Former President George W. Bush may have been attacked with a sonic weapon causing the mysterious Havana Syndrome condition in 2007 as president, a new report revealed this week.
A Washington Examiner report on Tuesday citing “exceptional witness testimony” revealed that Bush and the delegation that traveled with him to the 2007 G-8 summit in Heiligendamm, Germany may have suffered from Havana Syndrome, which was not named or identified at the time.
Additionally, former First Lady Laura Bush’s 2010 book “Spoken from the Heart” described the first couple’s travel to the summit, noting “by the afternoon of [June 7] I could barely stand up. My head inexplicably throbbed; I was horribly dizzy and nauseated. I went to bed, pulled up the covers, and for several hours felt so awful that I might die right there in the hotel room.”
Laura Bush’s book went on to add that “nearly a dozen members of our delegation were stricken” along with the president. “For most of us, the primary symptoms were nausea or dizziness, but one of our military aides had difficulty walking and a White House staffer lost all hearing in one ear.”
The incident prompted Secret Service to go on “full alert,” Laura Bush wrote.
Now that Havana Syndrome has been identified and is a focus of U.S. intelligence, the 2007 incident warrants a review, five current and former U.S. government officials told Washington Examiner.
One U.S. government official who was a victim of Havana Syndrome and diagnosed with a subsequent brain injury because of it, told Washington Examiner that Laura Bush’s descriptions are “eerily similar” to what the official and their colleagues experienced when they were injured. The official said an investigation should be launched into the incident.
Victims of sonic attacks producing Havana Syndrome have widely reported hearing a grating sound and feeling pressure or heat, followed by the onset of nausea, dizziness, and head or neck pain. The symptoms of these sonic attacks – which were first identified in Cuba – have since come to be known as “Havana Syndrome” over the past few years since the frequency of the attacks ramped up in 2016 and beyond.
Preliminary investigative efforts have assessed the symptoms are consistent with a directed radiofrequency energy system. A 2020 National Academies of Sciences, Engineering, and Medicine report concluded that “intense pressure or vibration in the head, and pain in the ear or more diffusely in the head” as well as “sudden onset of tinnitus, hearing loss, dizziness, unsteady gait and visual disturbances” was symptoms consistent with “the effects of directed, pulsed radio frequency (RF) energy.”
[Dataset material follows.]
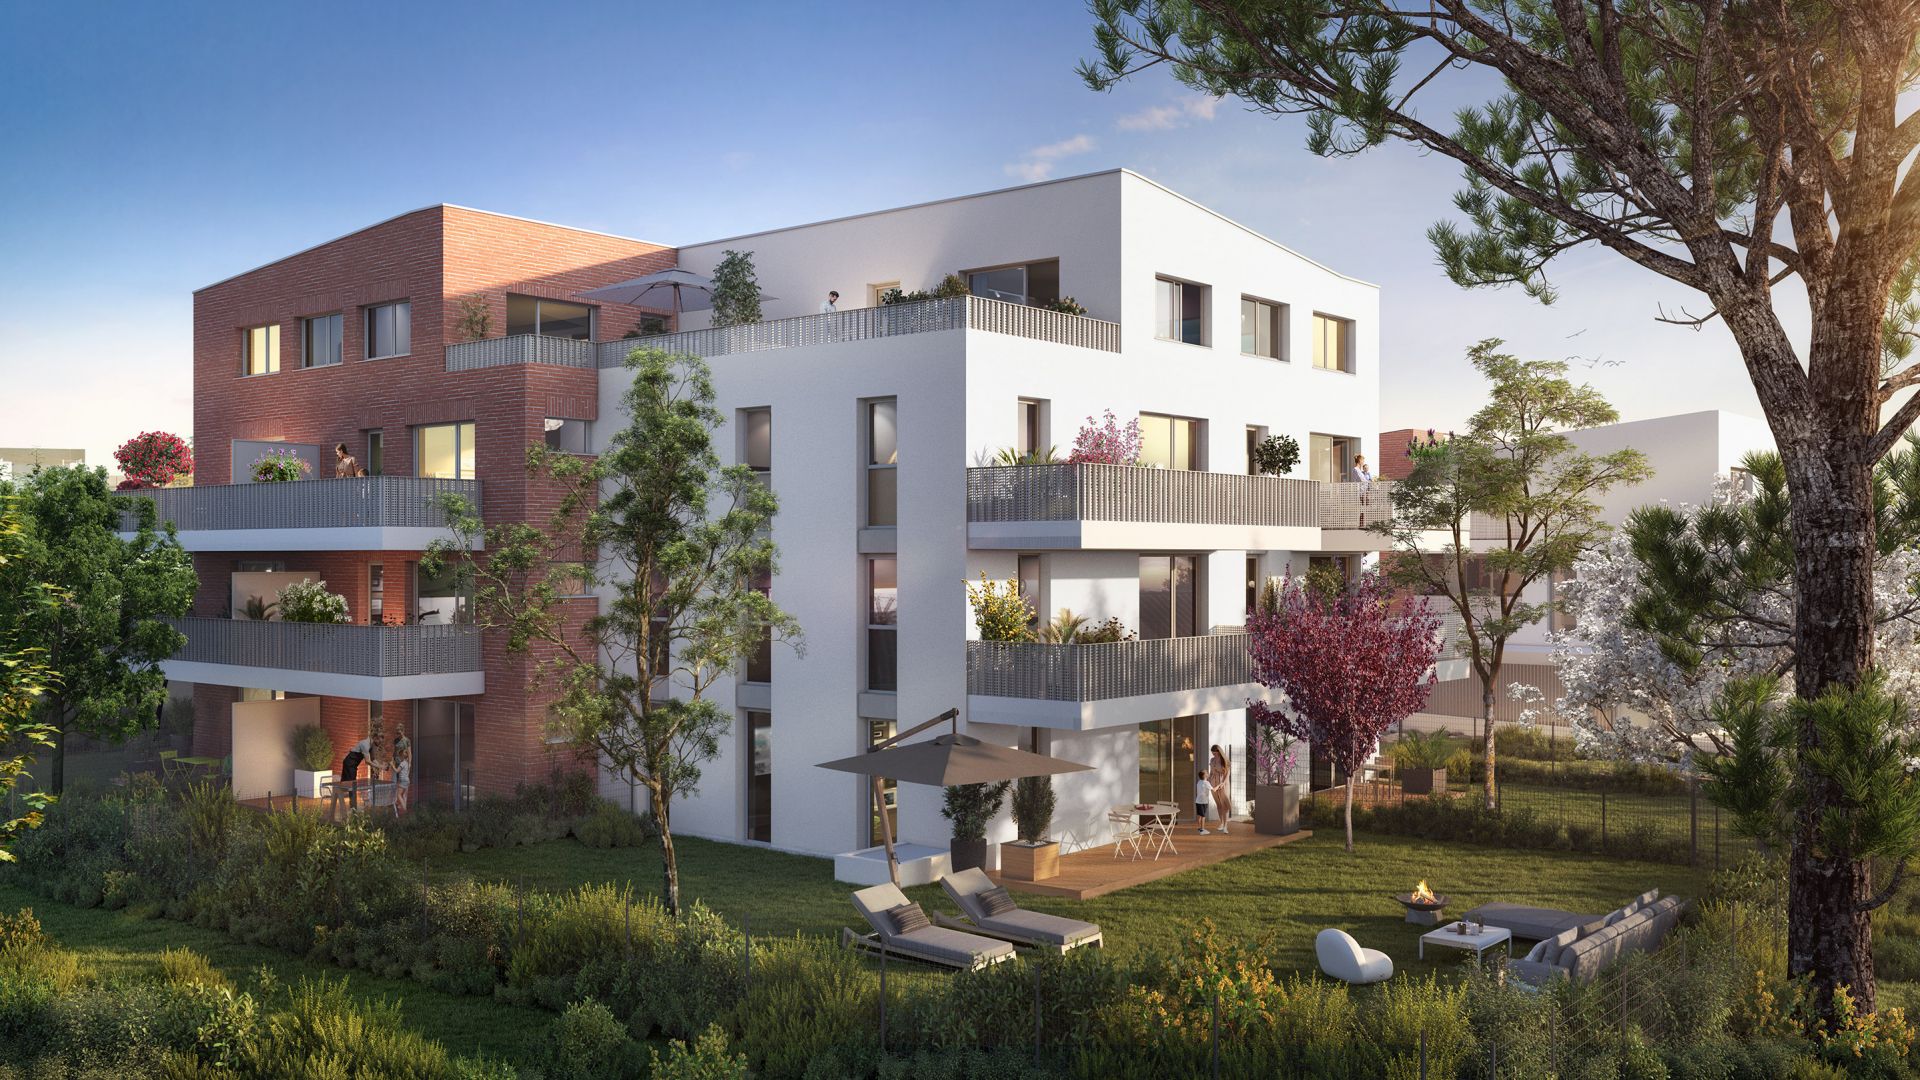 Greencity immobilier - achat appartements neufs du T2 au T4 - Résidence Le Sant-Marti - 31300 Toulouse Saint-Martin du Touch

American diplomats in Cuba, China and Russia, U.S. troops in Syria, White House staffers and secret service agents in and around Washington D.C., and federal personnel in Florida have all been victims of the sonic attacks in the last five years. A report in May revealed that at least 130 Americans were victims of the attack since 2016, with a two-year-old child identified as the youngest victim.
Although an official consensus has not been reached or released, U.S. intelligence officials have widely said that Russia’s military intelligence – known as GRU – is a primary suspect in the mysterious sonic attacks inducing Havana Syndrome.
The GRU, which in Russian stands for the Main Intelligence Division, is the intelligence arm of the Russian military. The GRU reportedly has a known footprint in each of the countries where sonic attacks have been suspected, including in the U.S.
“It looks, smells and feels like the GRU,” one former national security official involved in the investigation told Politico in May. “When you are looking at the landscape, there are very few people who are willing, capable and have the technology. It’s pretty simple forensics.”
Moscow has also repeatedly denied it is behind the various suspected attacks.
In May, White House Press Secretary Jen Psaki said U.S. national security and other federal agencies were working to investigate the unexplained sonic attacks. In September, Defense Secretary Lloyd Austin ordered all military, civilians, or contractors in the Defense Department to immediately report unexplained health incidents indicative of Havana Syndrome.